BLAST
http://artnetweb.com/artnetweb/projects/blast/home.html
[main site: http://interport.net/~xaf]
In _Crash_, the novel (now film) in which J. G. Ballard prophecies the
"coming autogeddon" or the "nightmare marriage of sex and technology,"
the "mirror smeared with vomit" becomes a mirror of art. The narrator,
James Ballard, recounts a minor car crash which caused his wife to vomit
on the seat: "This pool of vomit with its clots of blood like liquid
rubies, as viscous and discreet as everything produced by Catherine,
still contains for me the essence of the erotic delirium of the
car-crash, more exciting than her own rectal and vaginal mucus, as
refined as the excrement of a fairy queen, or the minuscule globes of
liquid that formed beside the bubbles of her contact lenses. In this
magic pool, lifting from her throat like a rare discharge of fluid from
the mouth of a remote and mysterious shrine, I saw my own reflection, a
mirror of blood, semen and vomit, distilled from a mouth whose contours
only a few minutes before had drawn steadily against my penis."

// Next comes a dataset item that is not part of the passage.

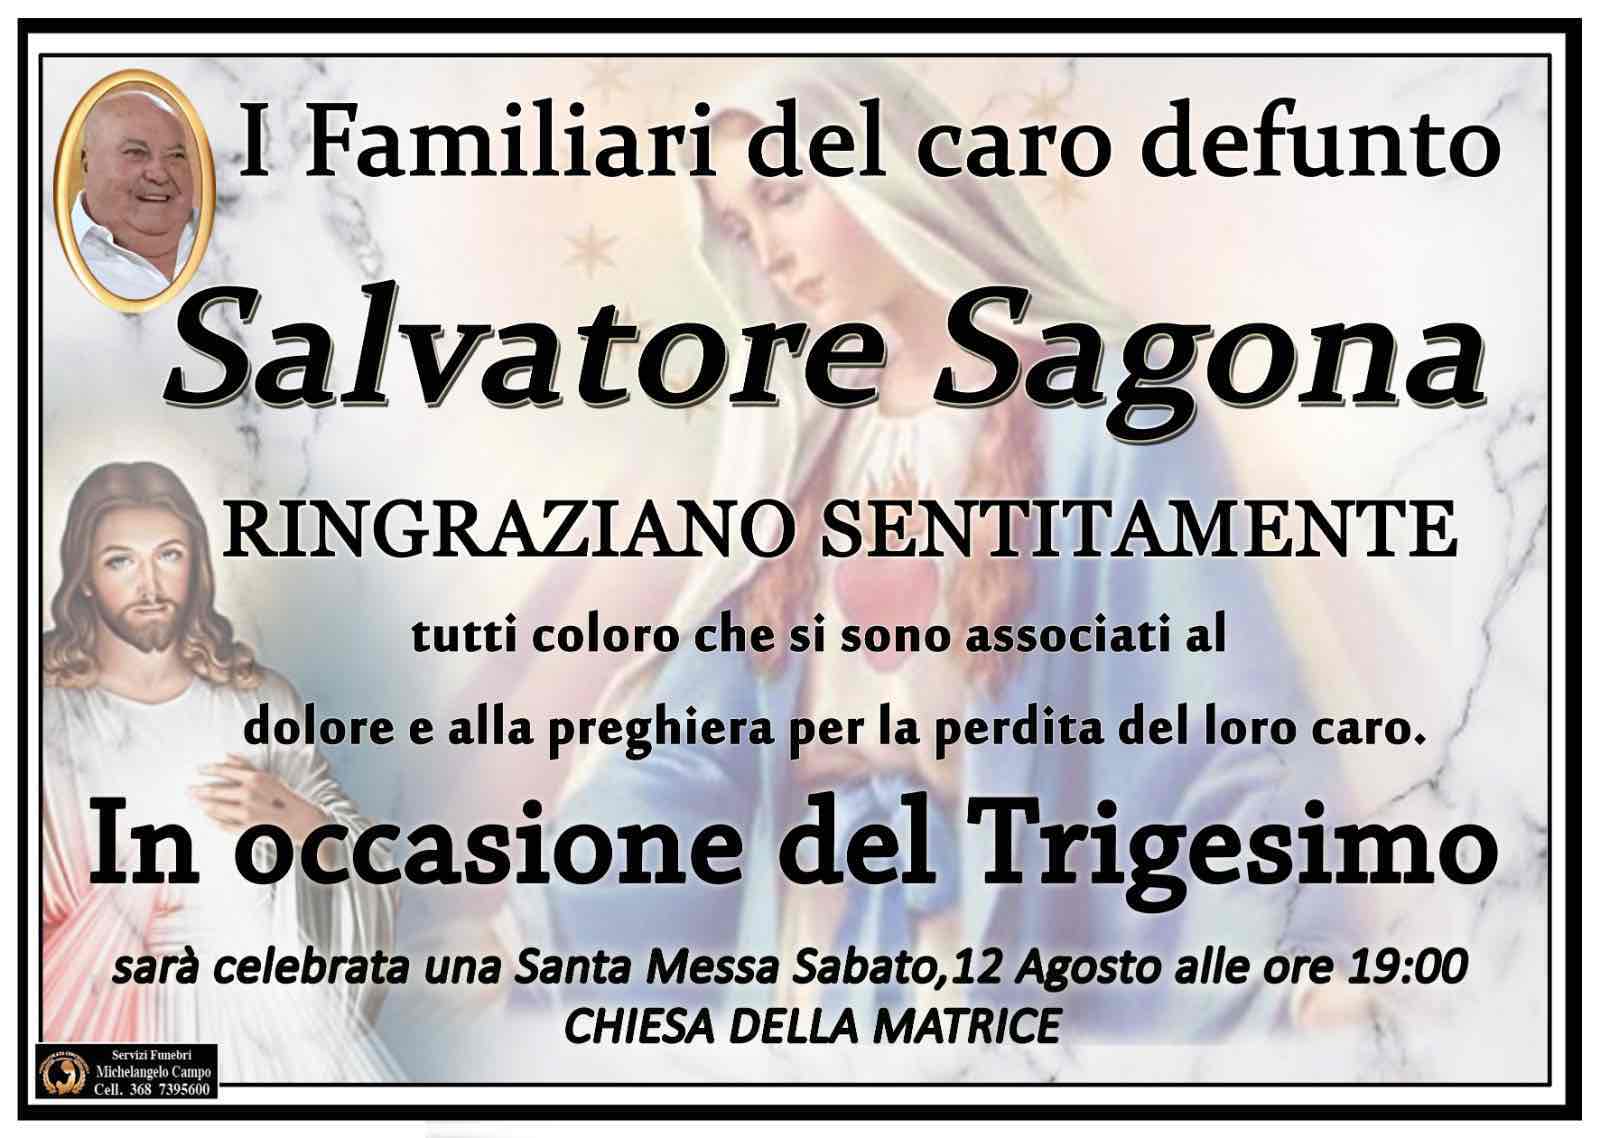 Salvatore Sagona

Catherine's body as seen in the car's cracked rear-view mirror becomes
the stimulus which produces the "magic pool" of art in which Ballard
sees his own reflection.
And such it is also inside the BLAST site, but here it is the
distinction between the art object and its reflection which breaks down.
This BLAST mirror though does not reproduce the image of a complete
subject - or, as Julia Kristeva says, "a clean and proper body." It is,
as in Crash, instead the effect of an abject doubling, as the first five
years of Blast are presented in the form of a conversional archive which
attempts to document the content and forms of Blast, while crashing it.

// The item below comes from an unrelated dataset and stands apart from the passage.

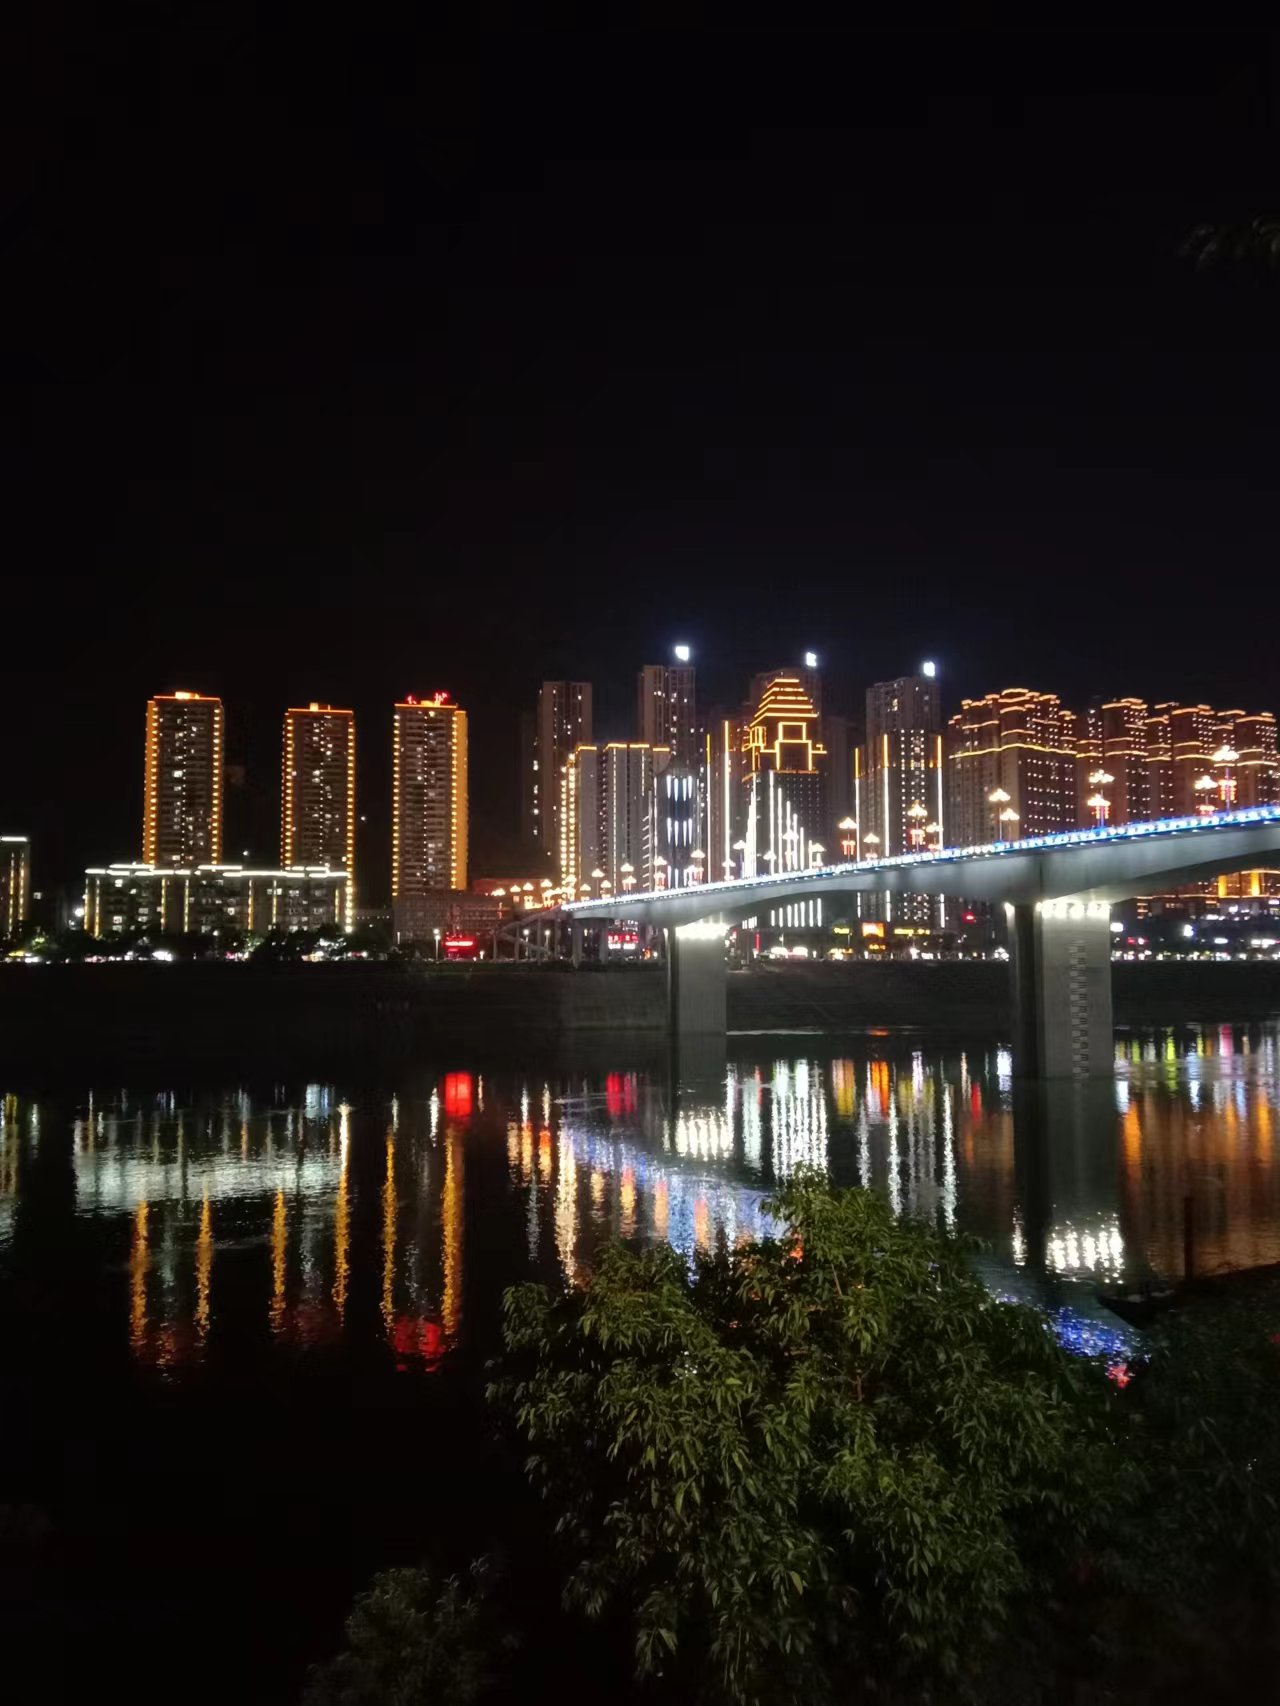 彭水夜间乌江画廊旅游景区品质提升夜间经济灯饰工程

It attempts this not through a fixed delimitation but through a
desystematization, and as such it presents an alternate view of the
Internet's archival strengths. Here archiving becomes a process of
capturing that which always eludes finitude. The archive is unable to
contain - it can only institute a continual process of conversion.
In the Blast site, a productive tension is developed between the
delimitation of this archive and its subversion through the
incorporation of excess – between the fixed coherence of the Blast
publication and its variable editorial formations. This dynamic is
played out in the space of the site within the hypertextual environment
of the World Wide Web and the user "virtual community" of the MOO. In
the site a dynamic matrix appears, within which Blast formations are
located, as systematized and partially contained by the conversional
archive. Formations are produced when inscriptions, interfaces, and
incorporations align in various ways to produce elements, and when those
elements are linked in a process of articulation, partially fixing
meaning in a system of differences, links, and flows. When these
articulations–the various components are related together –are grouped
within the confines of Blast, they become Blast content.
[…]
While art sites traditionally serve to hegemonize certain demands and
generate normative fields of art, as in the typical fixed creator-viewer
relations of the invariability bogus "interactive" clicks, Blast
attempts to generate alternate interactive formations that disrupt and
outflank these practices. It questions the separation between art and
digital media. Questioned too are ideologies of interactivity, and
"network" metaphors, generating alternate experimental models by simply
opening up the site to multiple positions within its archival space.